Gromov-Hausdorff stability of global attractors of damped wave equations under perturbations of the domain
Ngoctu Bui, Jihoon Lee
TL;DR
This work addresses how global attractors for a damped wave equation respond to perturbations of the domain, employing the Gromov-Hausdorff framework to formalize stability. By parameterizing domain perturbations with $d_{C^2}(h,1_\\Omega)=\delta$ and transporting solutions via coordinate maps, the authors establish residual continuity of the attractor map $\\mathcal{G}(h)=\\mathcal{A}_{\\delta}$ and residual Gromov-Hausdorff stability for the induced dynamical systems on the attractors. The core contributions include key lemmas showing convergence of perturbed evolutions under diffeomorphisms and a two-step analysis proving equicontinuity and small-time stability, which together yield robust attractor stability under geometric perturbations.

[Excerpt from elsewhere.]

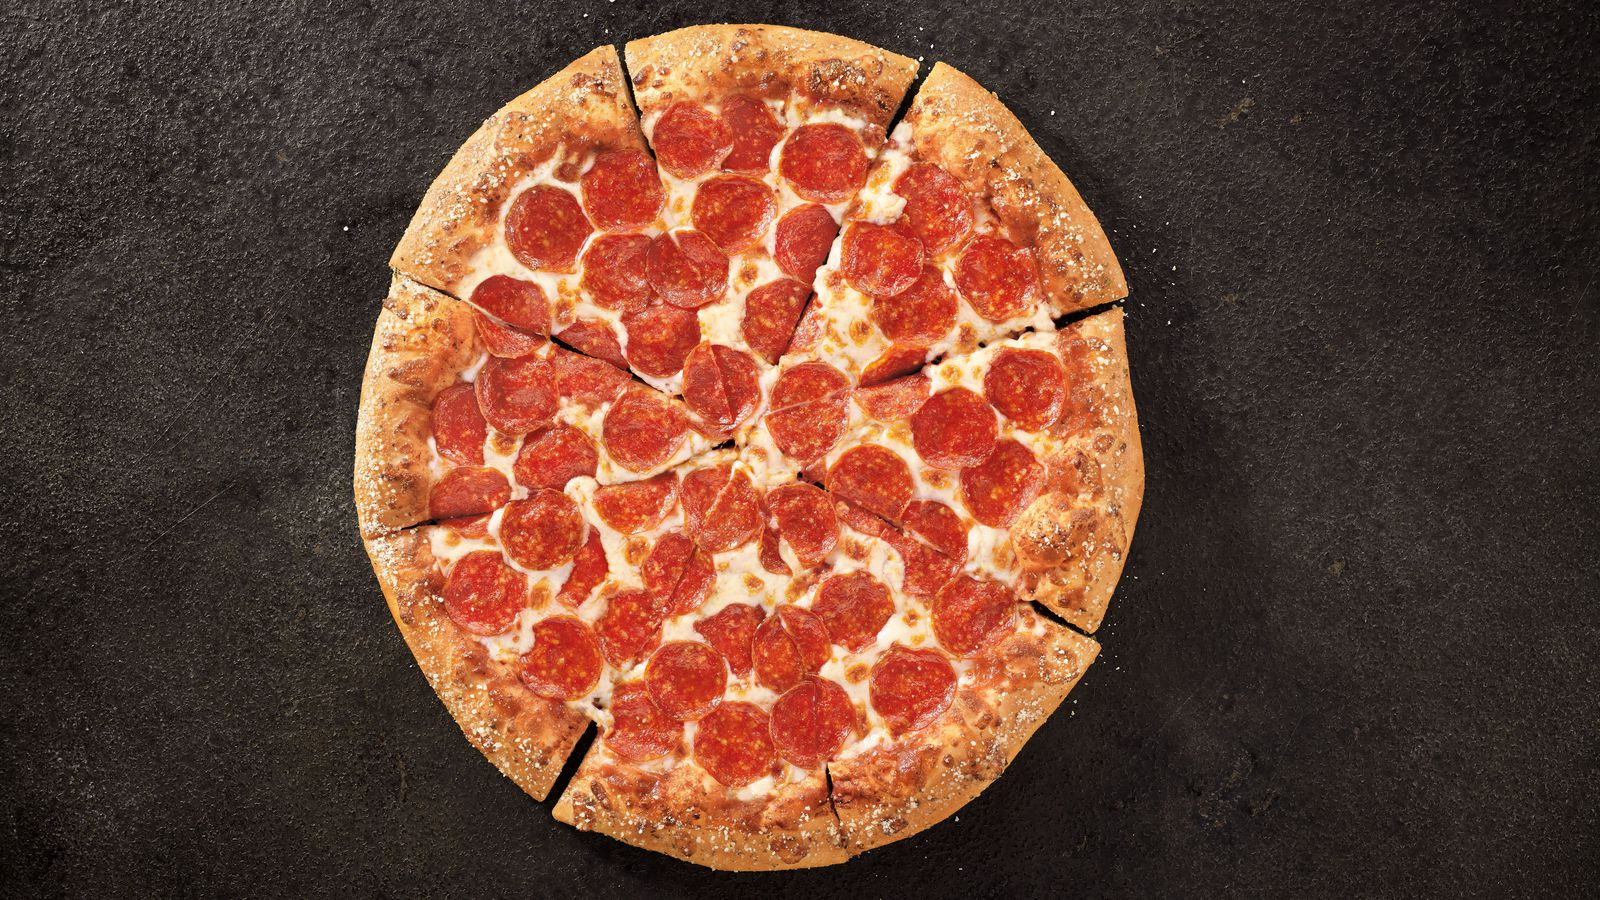 911 Pepperoni Pizza
 Woman Dials 911 to Report Pizza s Suspicious Lack of

The results advance understanding of long-time behavior for hyperbolic PDEs on varying domains and have implications for the reliability of attractor-based descriptions in geometrically perturbed settings.
Abstract
In this paper, we will make use of the Gromov-Hausdorff distance between compact metric spaces to establish the continuous dependence and the Gromov-Hausdorff stability of global attractors for damped wave equations under perturbations of the domain.